LAZY Cache the table lazily instead of eagerly scanning the entire table.
Clear Cache
Clears the cache associated with a SQLContext.
CLEAR CACHE
Create Database
CREATE (DATABASE|SCHEMA) [IF NOT EXISTS] db_name
[COMMENT comment_text]
[LOCATION path]
[WITH DBPROPERTIES (key1=val1, key2=val2, ...)]
Create a database. If a database with the same name already exists, an exception will be thrown.
IF NOT EXISTS
If a database with the same name already exists, nothing will happen.
LOCATION
If the specified path does not already exist in the underlying file system,
this command will try to create a directory with the path. When the database is dropped later, this directory will be deleted.
Create Function
CREATE [TEMPORARY] FUNCTION [db_name.]function_name AS class_name
[USING resource, ...]
resource:
: (JAR|FILE|ARCHIVE) file_uri
Create a function. The specified class for the function must extend either UDF or UDAF in org.apache.hadoop.hive.ql.exec, or one of AbstractGenericUDAFResolver, GenericUDF, or GenericUDTF in org.apache.hadoop.hive.ql.udf.generic. If a function with the same name already exists in the database, an exception will be thrown. Note: This command is supported only when Hive support is enabled.

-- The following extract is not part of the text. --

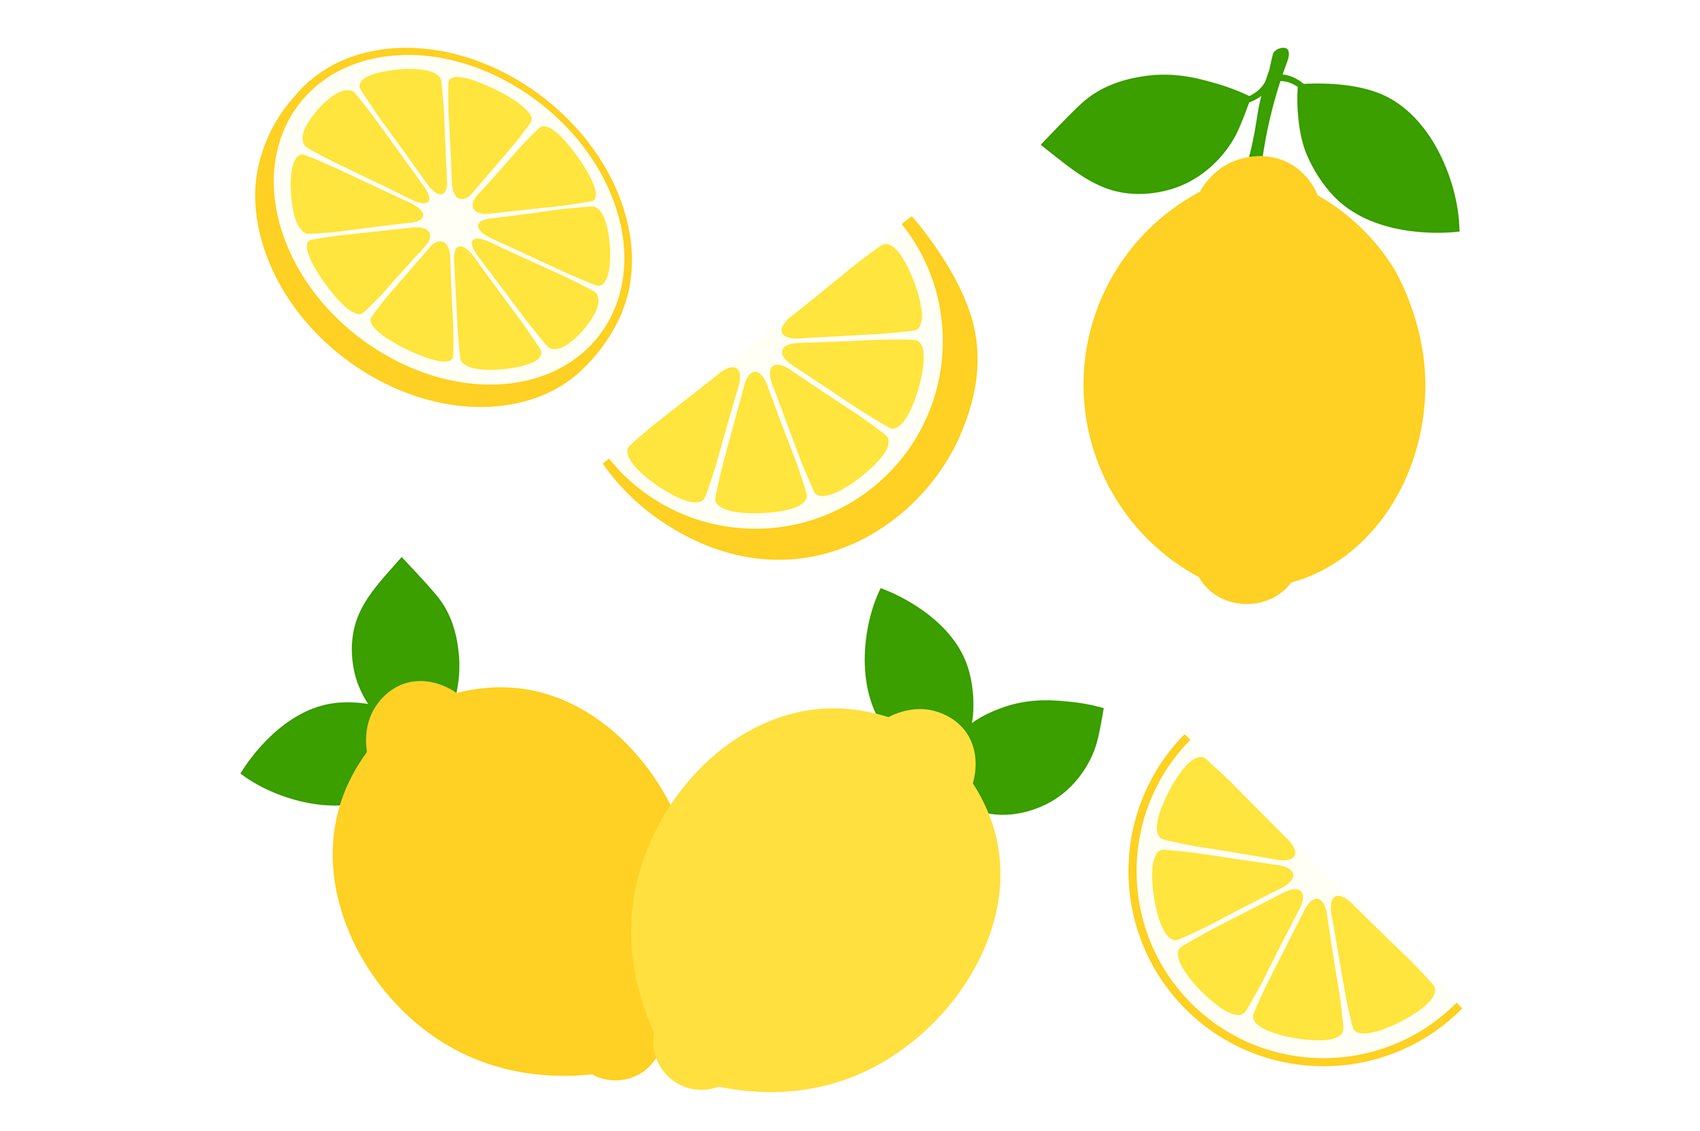 So bright lemons.

TEMPORARY The created function will be available only in this session and will not be persisted to the underlying metastore, if any. No database name may be specified for temporary functions. USING Specify the resources that must be loaded to support this function. A list of jar, file, or archive URIs may be specified. Known issue: adding jars does not work from the Spark shell (SPARK-8586).
Create Table
CREATE [TEMPORARY] TABLE [IF NOT EXISTS] [db_name.]table_name
[(col_name1[:] col_type1 [COMMENT col_comment1], ...)]
USING datasource
[OPTIONS (key1=val1, key2=val2, ...)]
[PARTITIONED BY (col_name1, col_name2, ...)]
[CLUSTERED BY (col_name3, col_name4, ...) INTO num_buckets BUCKETS]
[AS select_statement]
Create a table using a data source. If a table with the same name already exists in the database, an exception will be thrown.

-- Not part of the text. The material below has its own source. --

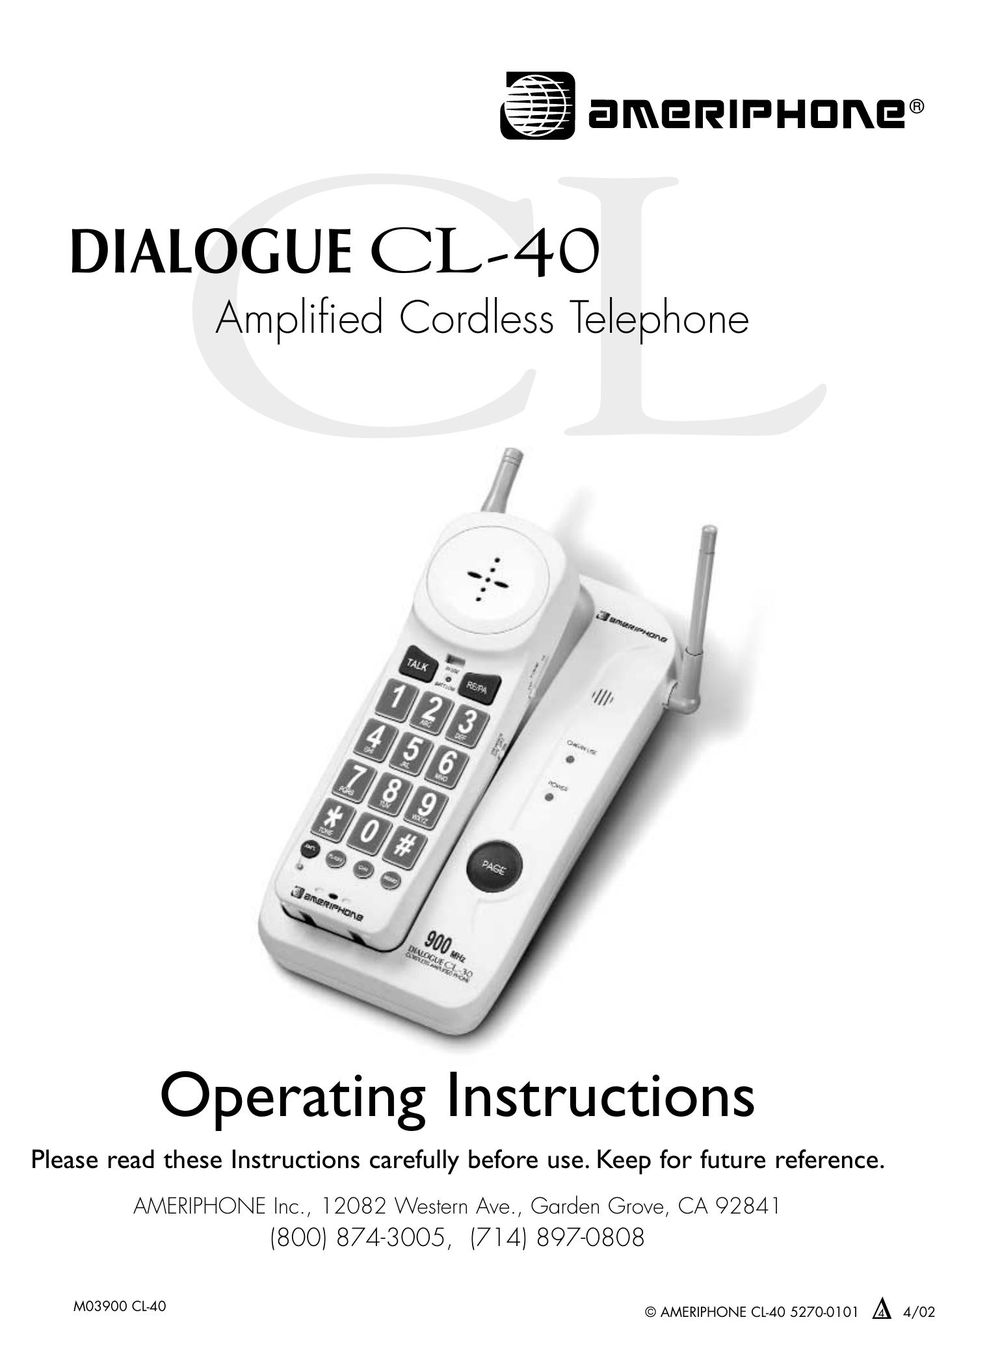 Ameriphone CL-40 Cordless Telephone User Manual

TEMPORARY The created table will be available only in this session and will not be persisted to the underlying metastore, if any. This may not be specified with IF NOT EXISTS or AS <select_statement>. To use AS <select_statement> with TEMPORARY, one option is to create a TEMPORARY VIEW instead.
CREATE TEMPORARY VIEW table_name AS select_statement
There is also “CREATE OR REPLACE TEMPORARY VIEW” that may be handy if you don’t care whether the temporary view already exists or not. Note that for TEMPORARY VIEW you cannot specify datasource, partition or clustering options since a view is not materialized like tables.
IF NOT EXISTS
If a table with the same name already exists in the database, nothing will happen. This may not be specified when creating a temporary table.
USING <data source>
Specify the file format to use for this table. The data source may be one of TEXT, CSV, JSON, JDBC, PARQUET, ORC, and LIBSVM, or a fully qualified class name of a custom implementation of org.apache.spark.sql.sources.DataSourceRegister.

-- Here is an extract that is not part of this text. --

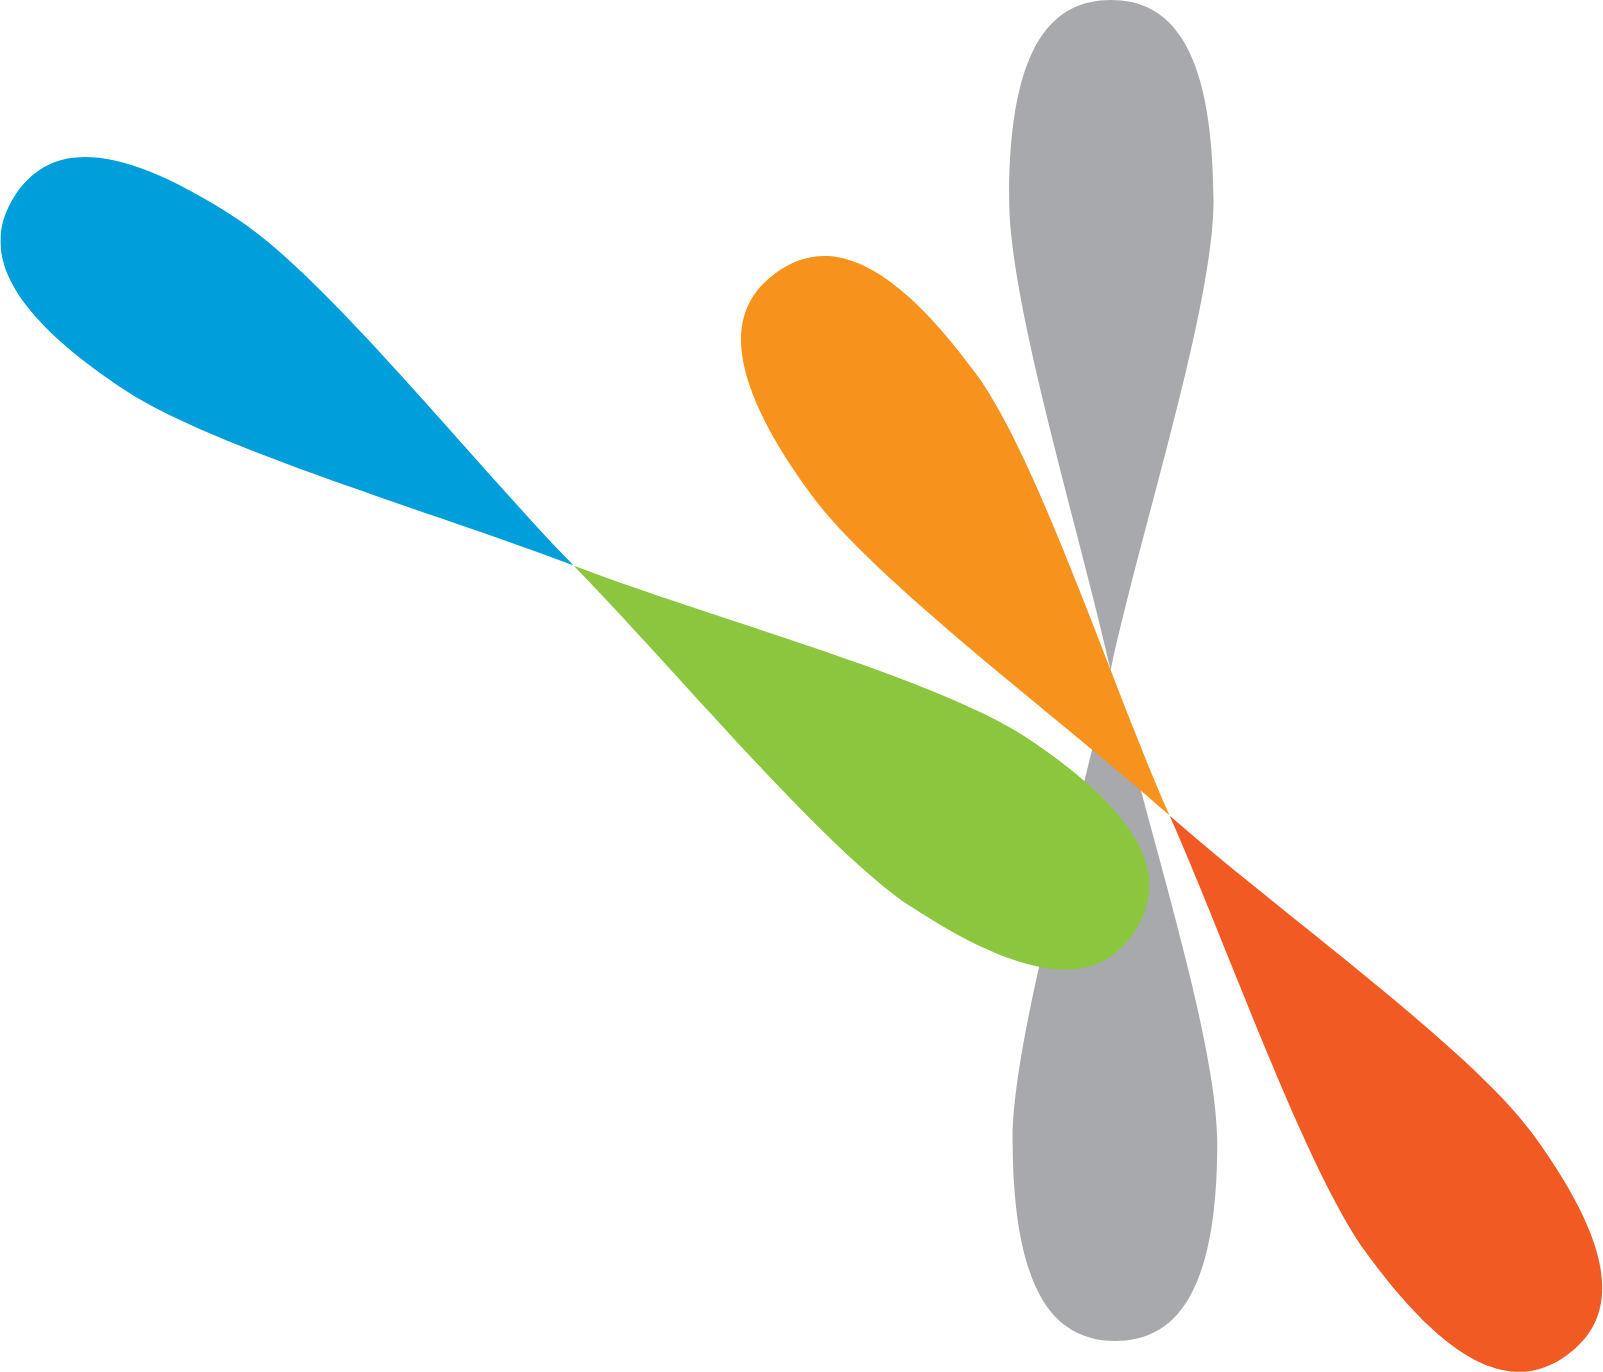 KT&G (Korea Tobacco) logo in transparent PNG and vectorized SVG formats

PARTITIONED BY The created table will be partitioned by the specified columns. A directory will be created for each partition.
CLUSTERED BY Each partition in the created table will be split into a fixed number of buckets by the specified columns. This is typically used with partitioning to read and shuffle less data. Support for SORTED BY will be added in a future version. AS <select_statement> Populate the table with input data from the select statement. This may not be specified with TEMPORARY TABLE or with a column list. To specify it with TEMPORARY, use CREATE TEMPORARY VIEW instead.
Examples:
CREATE TABLE boxes (width INT, length INT, height INT) USING CSV
CREATE TEMPORARY TABLE boxes
(width INT, length INT, height INT)
USING PARQUET
OPTIONS ('compression'='snappy')
CREATE TABLE rectangles
USING PARQUET
PARTITIONED BY (width)
CLUSTERED BY (length) INTO 8 buckets
AS SELECT * FROM boxes
CREATE OR REPLACE TEMPORARY VIEW temp_rectangles
AS SELECT * FROM boxes
Create Table with Hive format
CREATE [EXTERNAL] TABLE [IF NOT EXISTS] [db_name.]table_name
[(col_name1[:] col_type1 [COMMENT col_comment1], ...)]
[COMMENT table_comment]
[PARTITIONED BY (col_name2[:] col_type2 [COMMENT col_comment2], ...)]
[ROW FORMAT row_format]
[STORED AS file_format]
[LOCATION path]
[TBLPROPERTIES (key1=val1, key2=val2, ...)]
[AS select_statement]
row_format:
: SERDE serde_cls [WITH SERDEPROPERTIES (key1=val1, key2=val2, ...)]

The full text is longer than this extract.